Am Tag danach gab Fußball-Abteilungsleiter Andreas Wilken Entwarnung. Haji Jamal, Mittelfeldspieler von Blau-Weiß 96, hat im Landesliga-Punktspiel gegen den SC Victoria Hamburg II einen doppelten Nasenbeinbruch und eine Gehirnerschütterung, aber nach einem Atem-Stillstand keine Folgeschäden erlitten.

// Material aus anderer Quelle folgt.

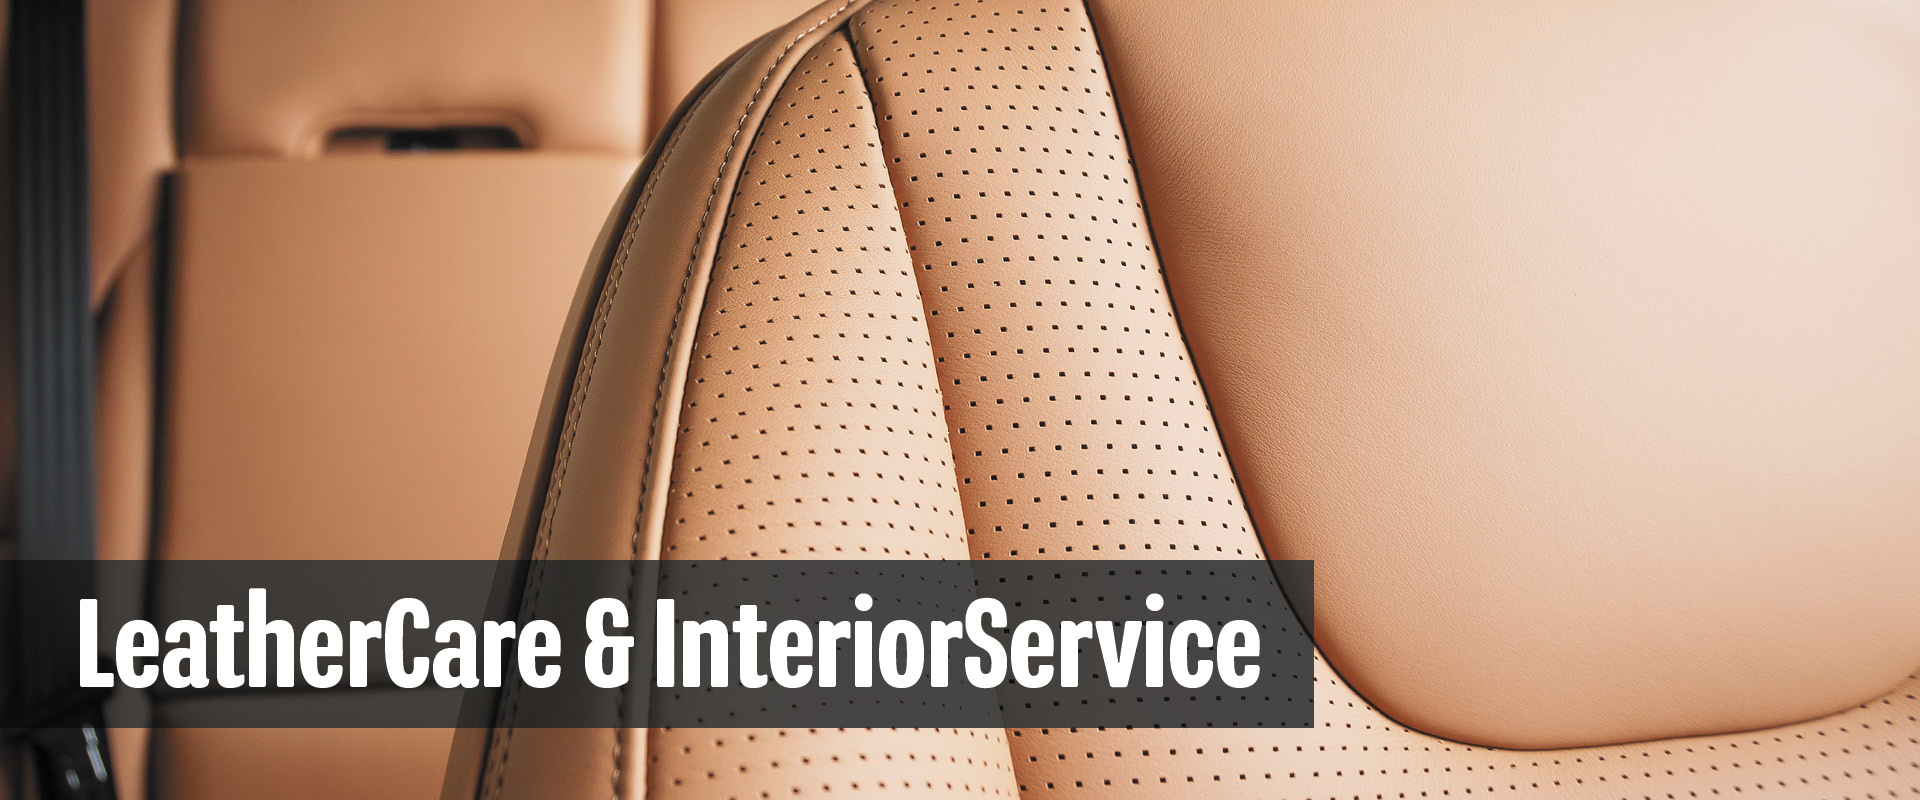 LeatherCare & InteriorService lädervård

Im ersten Moment war Schlimmeres befürchtet worden, nachdem Jamal in der 68. Minute der Partie einen Schlag an den Kopf, den der Schiedsrichter nicht als Foul wertete, abbekommen hatte und zu Boden gesunken war. Wilken eilte zum Tatort, ohne den Pfiff abzuwarten. „So, wie Haji gefallen ist, war mir sofort klar, dass er nicht mehr bei Bewusstsein war.“ Der Ersthelfer stellte keinen Pulsschlag beim Spieler mehr fest, zog die nach hinten gerutschte Zunge aus dem Rachen und drehte Jamal in die stabile Seitenlage. Es könnten Maßnahmen gewesen sein, die dem Afghanen das Leben retteten. 25 Minuten hieß es dann auf die Rettungssanitäter warten. Auf Wunsch einiger geschockter Schenefelder Spieler beendete Schiedsrichter Omar Amarkhel (MSV Hamburg) die Partie bei einer verdienten 2:0-Führung der Gäste vorzeitig.

„Wie das Spiel nun gewertet wird, ist mir vollkommen egal“, sagte Andreas Wilken. Haji Jamal durfte die Altonaer Asklepios-Klinik nach zwei Nächten verlassen.